- Born: 6 October 1943 Weixian Internment Camp, China
- Died: 11 May 2022 (aged 78) Chandlers Ford, United Kingdom

Philosophical work
- Era: Contemporary political philosophy
- Region: Western philosophy
- Main interests: Political science, government, philosophy, music, aesthetics, literature

= Tracy B. Strong =

Political philosopher

Tracy Burr Strong (6 October 1943 – 11 May 2022) was a philosopher and political theorist. His first book, Friedrich Nietzsche and the Politics of Transfiguration (1974) was recognised as a valuable contribution to scholarship on the German philosopher Friedrich Nietzsche. It repositioned Nietzsche's project as political against the assumption that Nietzsche's philosophy was apolitical.

== Life and career ==
Strong was born in Weixian, China, while his parents were being held within a Japanese prisoner-of-war camp. A Swedish vessel, the Gripsholm, took Strong as a baby to New York for repatriation, arriving on 18 December 1943. He was educated at Collège de Genève and at Oberlin College (where he played soccer, was on the fencing team, and majored in government), earning a BA in 1963. He received a PhD from Harvard University in 1968. He was Henry Kissinger's teaching assistant, and was president of the Harvard chapter of Students for a Democratic Society.

As an instructor at Harvard University he taught political theory, a topic he continued to pursue with appointments at the University of Pittsburgh, Amherst and at the University of California at San Diego, where he also served as Associate Chancellor (as well as department chair) until his retirement after which he took up a new appointment in the department of Politics and International Relations at the University of Southampton. He also taught at Barcelona University and the University of Lyon in addition to Florence. He was appointed to an international research project in ethnography at Heidelberg University. Until his death, he was lecturing and mentoring students at the University of Southampton, where he was only a few weeks away from his second retirement.

== Philosophical and other academic work ==
Considered an "eminent interpreter of Rousseau and Nietzsche", Strong published on political theory and philosophy with additional interests in the history of ideas, aesthetics in the contexts of film and traditional art forms. He was also an authority on Carl Schmitt and he published journal papers and books on Hobbes, Rousseau, Nietzsche, and Shakespeare and Mark Twain among others.

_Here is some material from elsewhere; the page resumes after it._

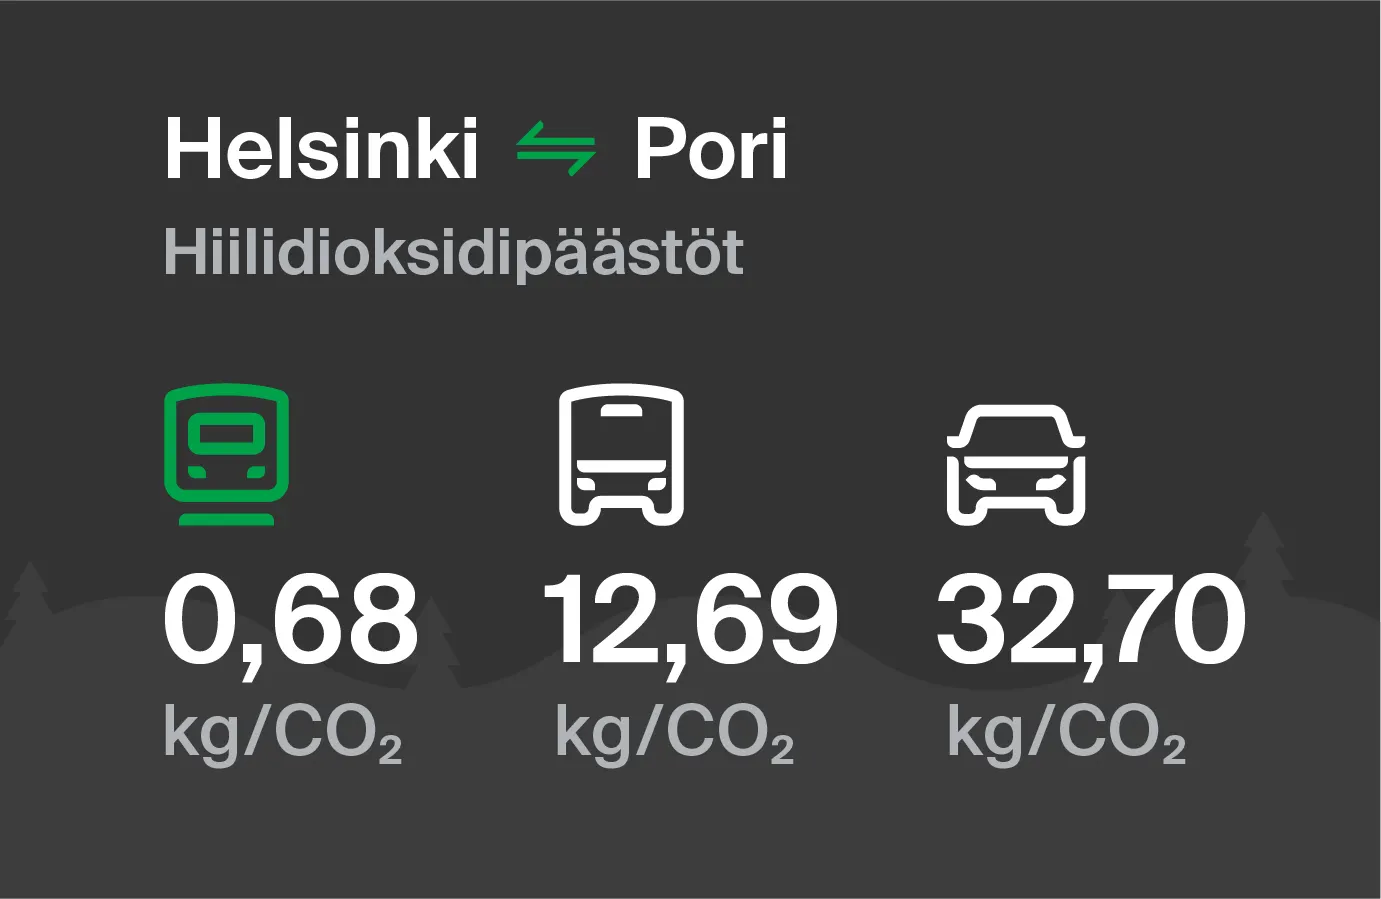 Hiilidioksidipäästöt Helsingistä Poriin eri kulkuvälinemuodoilla: junalla 0,68 kg/CO2, bussilla 12,69 kg/CO2 ja autolla 32,70 kg/CO2.

His first book, Friedrich Nietzsche and the Politics of Transfiguration, published in 1974, was considered a watershed moment in both political philosophy and Nietzsche studies. His later text, Politics Without Vision: Thinking without a Banister in the Twentieth Century won the David Easton Prize in 2013.

From 1990 to 2000, an exceptional ten-year tenure, he served as editor of the journal Political Theory and co-authored a biography of his great-aunt, the author and journalist Anna Louise Strong. In his latter years he embarked on studies of the role of good and evil, in addition to Jesus and love in Nietzsche's work. Additionally, he was a long time friend of Stanley Cavell whom he first met at Harvard.

He had an abiding interest in Richard Wagner, Beethoven, and music in general, as well as Samuel Beckett and Mark Twain, Abraham Lincoln, Ralph Waldo Emerson, Hawthorne, Wallace Stevens, and Shakespeare.

== Selected writings ==
=== Authored volumes ===
- Friedrich Nietzsche and the Politics of Transfiguration, Berkeley, CA: University of California Press, 1975. Expanded edition, Champaign, Illinois: University of Illinois Press, 1999.
- The Idea of Political Theory: Reflections on the Self in Political Time & Place, Notre Dame: University of Notre Dame Press, 1990.
- Jean-Jacques Rousseau: The Politics of the Ordinary, Lanham, Maryland: Rowman & Littlefield, 2002. Originally published in 1994 by Sage Publications.
- Right in Her Soul: The Life of Anna Louise Strong (with Helene Keyssar), New York: Random House, 1983.
- Politics Without Vision: Thinking Without a Banister in the Twentieth Century, Chicago, IL: University of Chicago Press, 2012.
- Learning One’s Native Tongue: Citizenship, Contestation, and Conflict in America, Chicago, IL: University of Chicago Press, 2019.